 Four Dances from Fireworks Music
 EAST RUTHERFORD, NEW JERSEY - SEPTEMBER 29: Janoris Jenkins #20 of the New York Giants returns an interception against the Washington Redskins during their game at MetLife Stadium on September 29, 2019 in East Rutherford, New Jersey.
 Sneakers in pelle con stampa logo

..........

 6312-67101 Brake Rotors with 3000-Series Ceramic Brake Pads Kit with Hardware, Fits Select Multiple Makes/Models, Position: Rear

..........

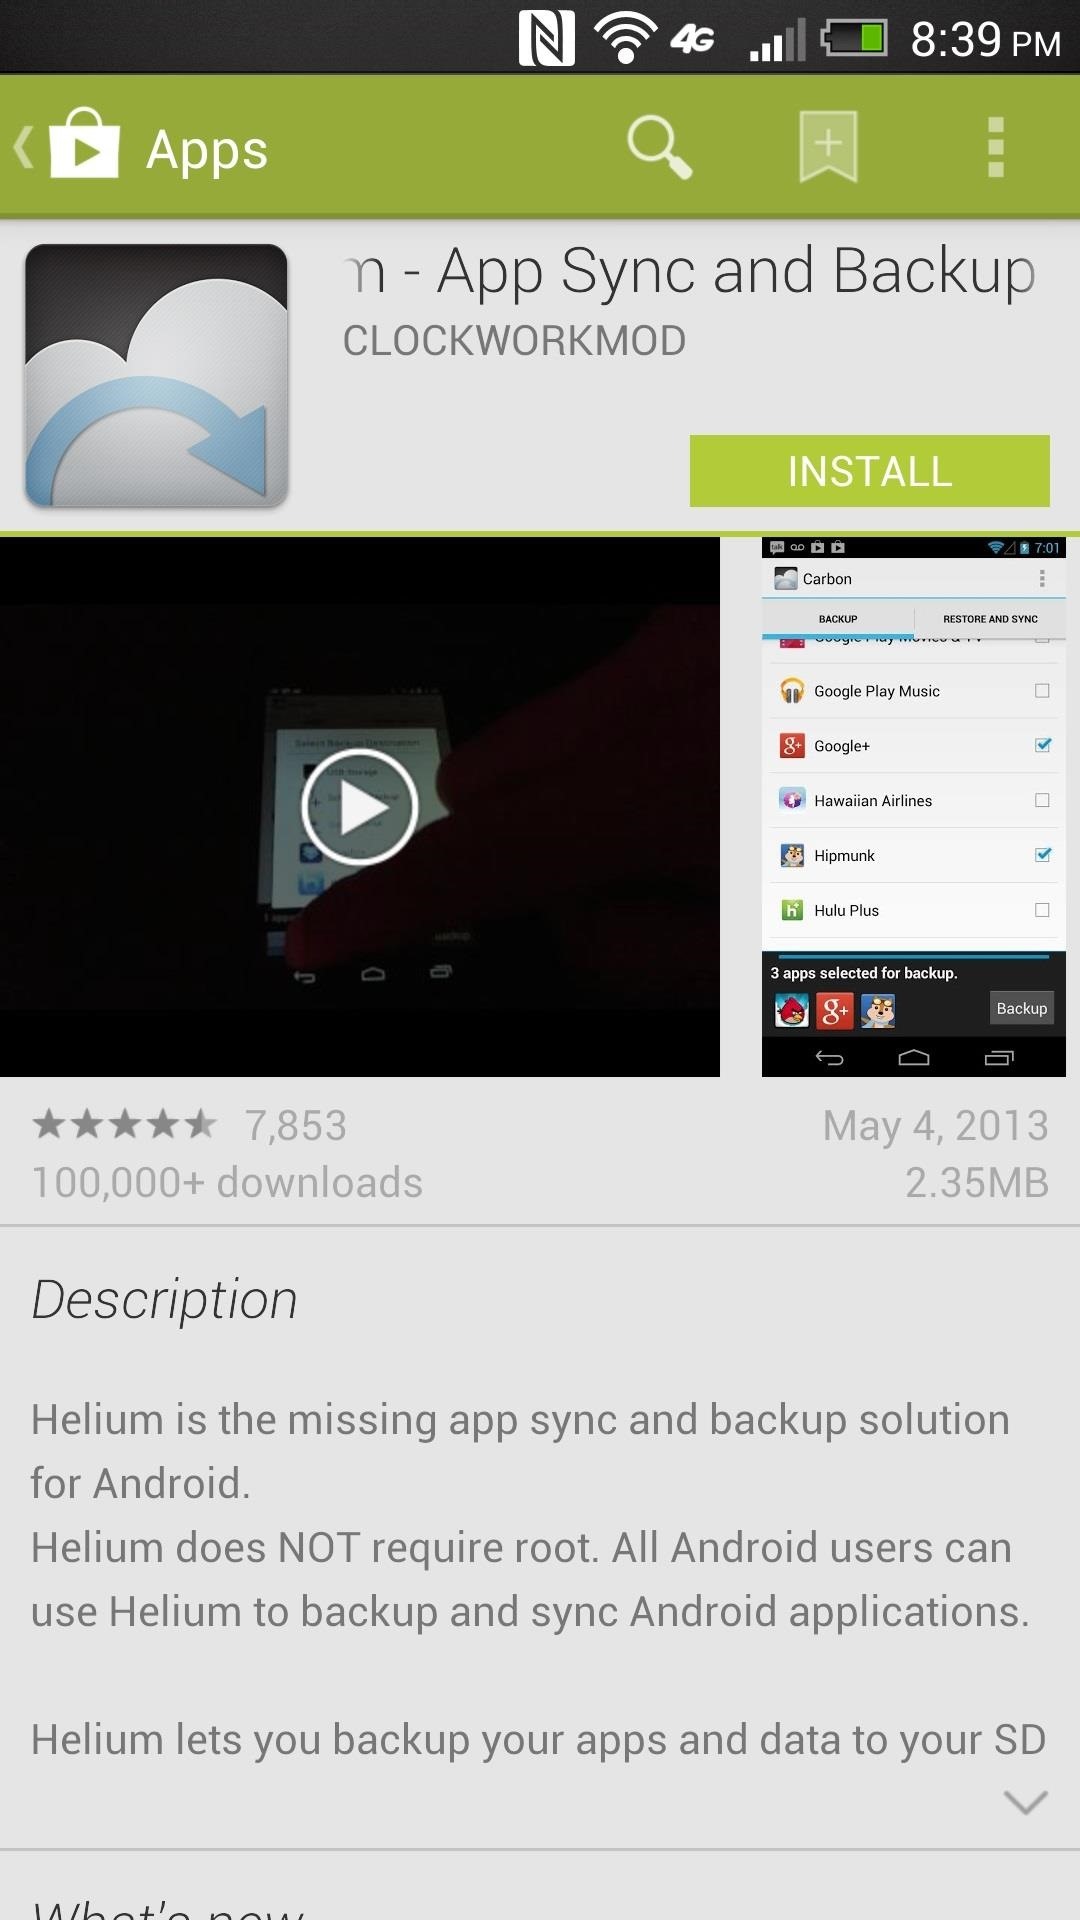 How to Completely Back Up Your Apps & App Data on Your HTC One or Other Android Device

..........

• [WHAT THIS TASK INVOLVES] Above are the entries. Quote exactly the lines from the one bearing "Four Dances from Fireworks Music" through the one bearing "Sneakers in pelle con stampa logo".

• [REPLY]
 Four Dances from Fireworks Music
 EAST RUTHERFORD, NEW JERSEY - SEPTEMBER 29: Janoris Jenkins #20 of the New York Giants returns an interception against the Washington Redskins during their game at MetLife Stadium on September 29, 2019 in East Rutherford, New Jersey.
 Sneakers in pelle con stampa logo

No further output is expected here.